!pip install git+https://github.com/Klow-e/klowe.git
import klowe
from klowe import *
You can check what can be done and how to use this package in the following Colab notebook:
https://colab.research.google.com/drive/1JHb7EgQTV0iNRBodc7u841v6OknHrrxj?usp=sharing
> SortDict(dict) -> dict == returns a sorted dict from a dict or zip item
> GetKeys(dict) -> list == returns a list of the keys of a dict or list of dicts
> GetValues(dict) -> list == returns a list of the values of a dict or list of dicts
> CountDistribution(list[str]) -> list[tuple] == returns a count of each str in a list
> NGrams(list, n) -> list[tuple] == returns a list of n-grams from a list
> RemoveFolder(str) == removes the folder with the given name
> RandomFloat(a, b) -> float == gives a true random float between two floats
> RandomInt(a, b) -> int == gives a true random int between two ints
> RandomFloatList(a, b, length) -> list[float] == gives a list of true random floats between two floats
> RandomIntList(a, b, length) -> list[int] == gives a list of true random ints between two ints
> RandomWord() -> str == gives a pseudo-random word
> RandomWordList(length) -> list[str] == gives a list of pseudo-random words
> RandomDictStrFloat(length) -> dict[str,float] == gives a pseudo-random dict[str,float]
> AlKhwarizmiFunction(a, b, c, x) -> y == solves a quadratic formula
> TanhFunction(x) -> y == passes data through a Tanh function
> ELU(x) -> y == exponential linear unit function
> ReLU(x) -> y == rectified linear unit function
> NormalizeValue(x, values, (s0, s1)) -> float == of a value in a list of values, returns the normalized value
> NormalizeList(list[float], scale) -> list[float] == normalizes a list of values into a (s0, s1) feature scale
> RoundList(list[float], int) -> list[float] == rouns floats in a list to n positions
> TanhNormalization(values) -> list[float] == normalizes values through a Tanh function, making them more extreme
> ELUNormalization(list[float]) == passes a list of values through the ELU function
> ReLUNormalization(list[float]) == passes a list of values through the ReLU function
> MidPoint(a, b) -> float == gives the midpoint between two numbers
> TopPercent(list[float], float) -> list[float] == gets the top float per one values in a list of values
> WebPage("<URL>") -> str == extracts somewhat clean text from an URL
> PDFtext("<URL>") -> str == extracts somewhat clean text from an URL to a PDF
> WikiArticle("<title>") -> str == extracts text from a wikipedia title
> search_engine("<URL>") -> list[str] == extracts links in a webpage
> file_to_text(file_path: str) -> list[str] == extracts text from a PDF or HTML file
> KWebScrap("<project>", tuple[str, ...]) == from a tuple of queries scraps the web and builds a corpus
> dirty_characters: str == string of characters to remove
> legal_characters: str == string of allowed characters in spa + ita orthography
> stop_words: list[str] == list of stopwords (esp + ita)
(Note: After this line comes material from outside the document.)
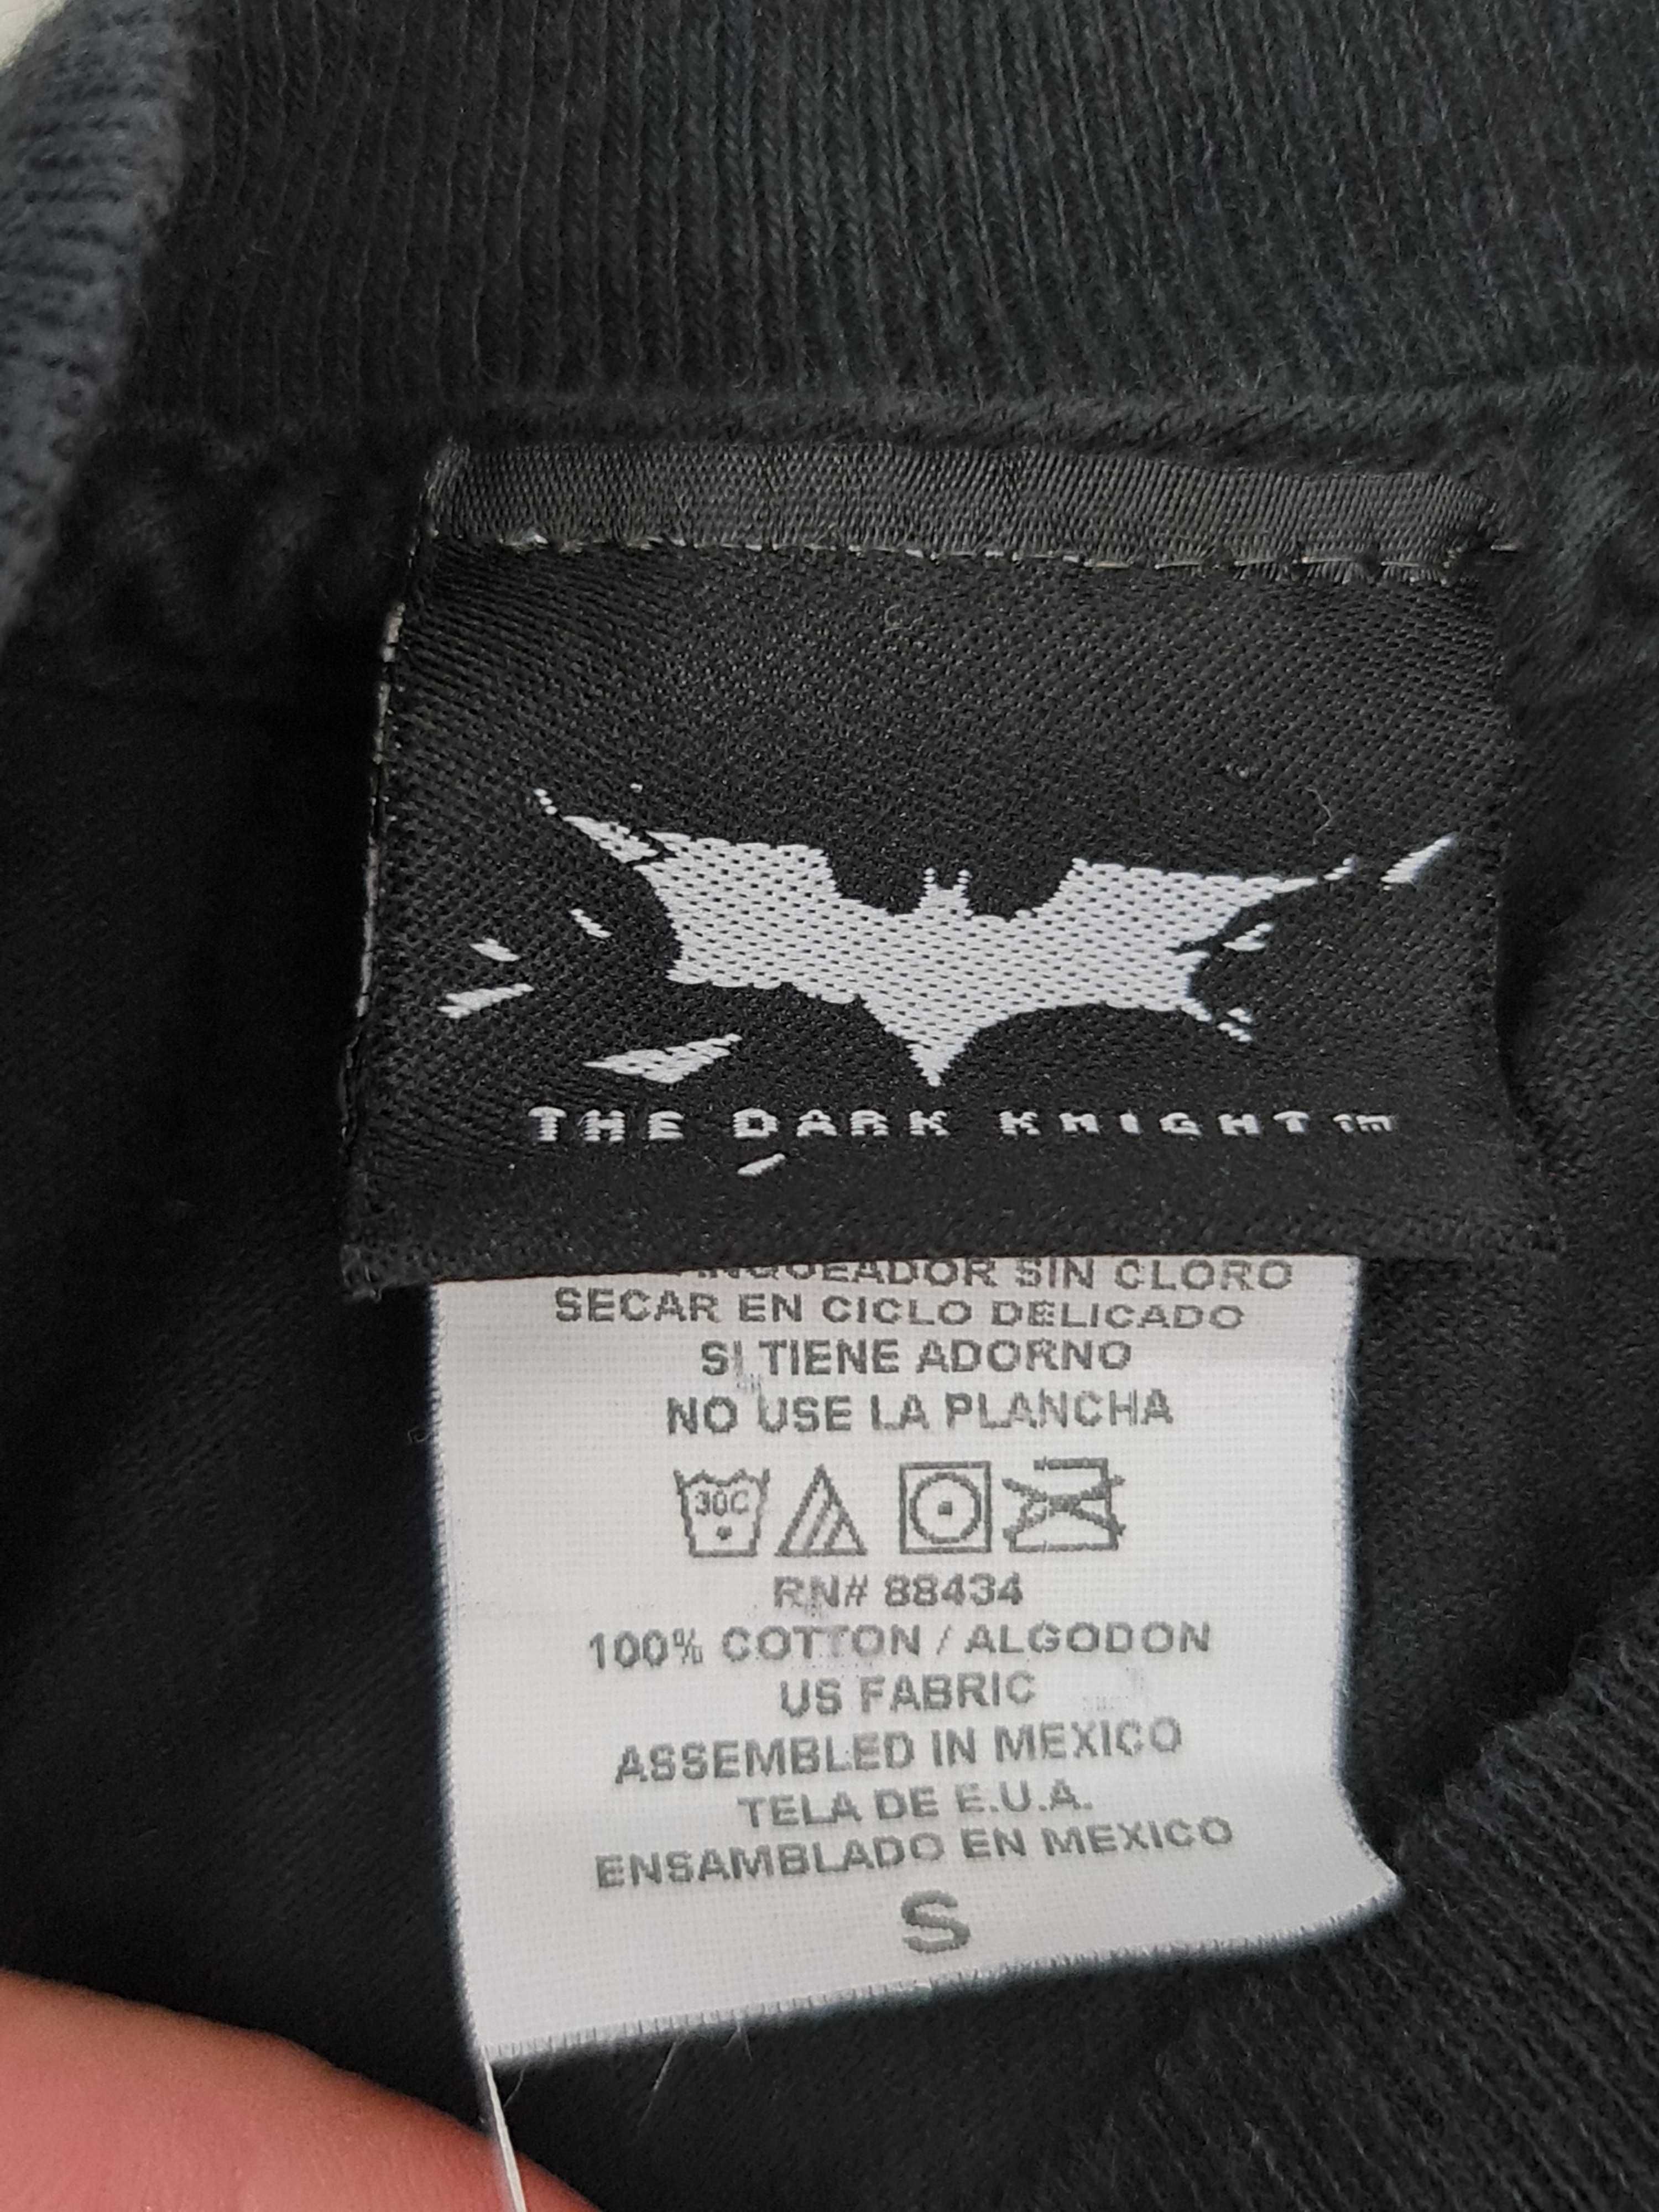 Koszulka T-shirt Batman Joker Vintage Oryginalna Oficjalna Rozmiar S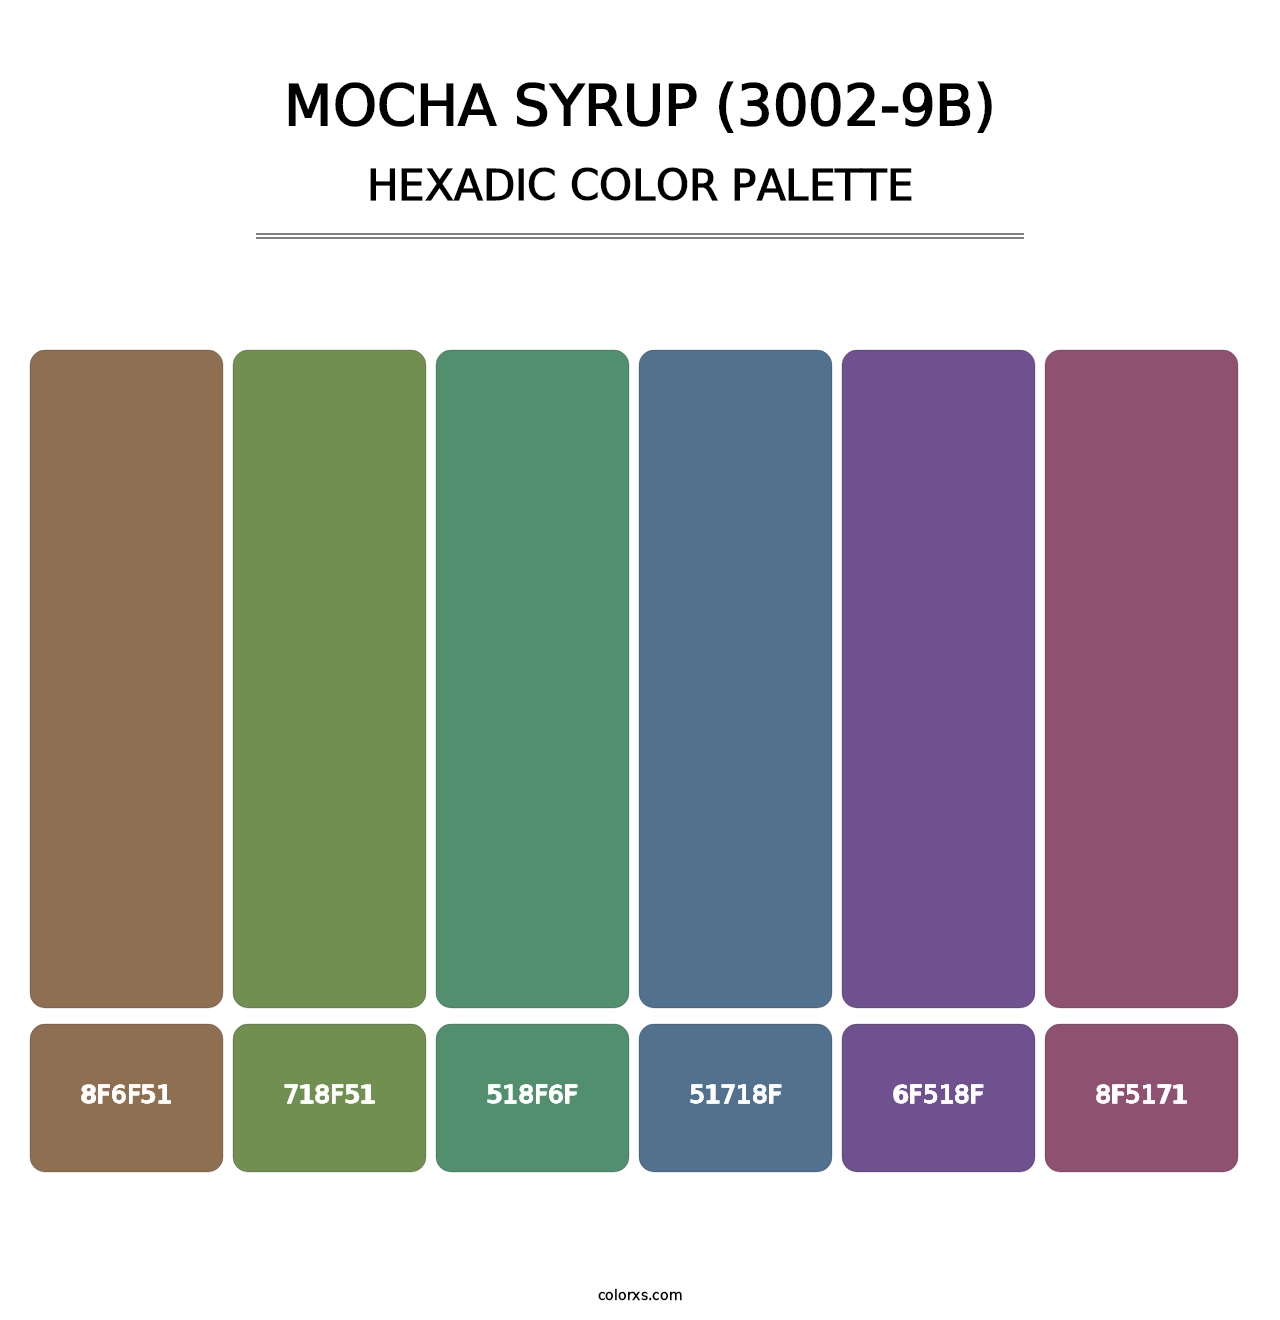 Mocha Syrup (3002-9B) - Hexadic Color Palette

> set_language("<es>") == sets language for stopwords and webpages
> clean_text("<text>") -> str == normalizes text
> sentence_tokenization("<text>") -> lisr[str] == separates text by sentence
> tokenization("<text>") -> list[str] == clean_text + excludes tokens with illegal characters + tokenizes
> bagwords("<text>") -> list[str] == tokenization + stopwords filter
> list_types("<text>") -> list[str] == list of unique words in a text (types)
> count_letters("<text>") -> int == counts only number of letters
> count_tokens("<text>") -> int == counts number of tokens
> count_types("<text>") -> int == counts number of types
> count_sentences("<text>") -> int == counts number of sentences in a text
> typetoken_ratio("<text>") -> float == lexical diversity as type-token ratio
> average_toklen("<text>") -> float == average word length (count_letters / count_tokens)
> wordspersentence("<text>") -> float == average sentence length (count_tokens / count_sentences)
> tdistribution("<text>") -> list[tuple[str,int]] == tokenization + counts tokens (types by frequency)
> btdistribution("<text>") -> list[tuple[str,int]] == bagwords + counts tokens (types by frequency)
> TermFrequency("<text>") -> list[tuple[str,float]] == relative frequency of each term (TF) in a text
> BagFrequency("<text>") -> list[tuple[str,float]] == relative frequency of each bagword in a stopword-filtered text
> InverseDocFreq(list[str]) -> sIDF, pIDF, TF, T == of a list of texts returns a list of lists for IDF, TF, and terms
> TermFreq_IDF(list[str]) -> TF_sIDF, TF_pIDF, T == of a list of texts returns a list of lists for TF.IDF and the terms
> KWeightModel("<text>") -> dict[str, float] == my very own weighting model for texts
> DefineGrenre(list[dict]) -> dict[str,float] == merges a list of dict[str,float] into a unified and mean-value one
> KGlossary(<model>, list[tuple[str,list[str]]]) == class that applies a weighting model to a list of (tag, texts)
> KGlossary(<model>, list).apply == just returns a glossary data as dict[str:[dict[str:float]]]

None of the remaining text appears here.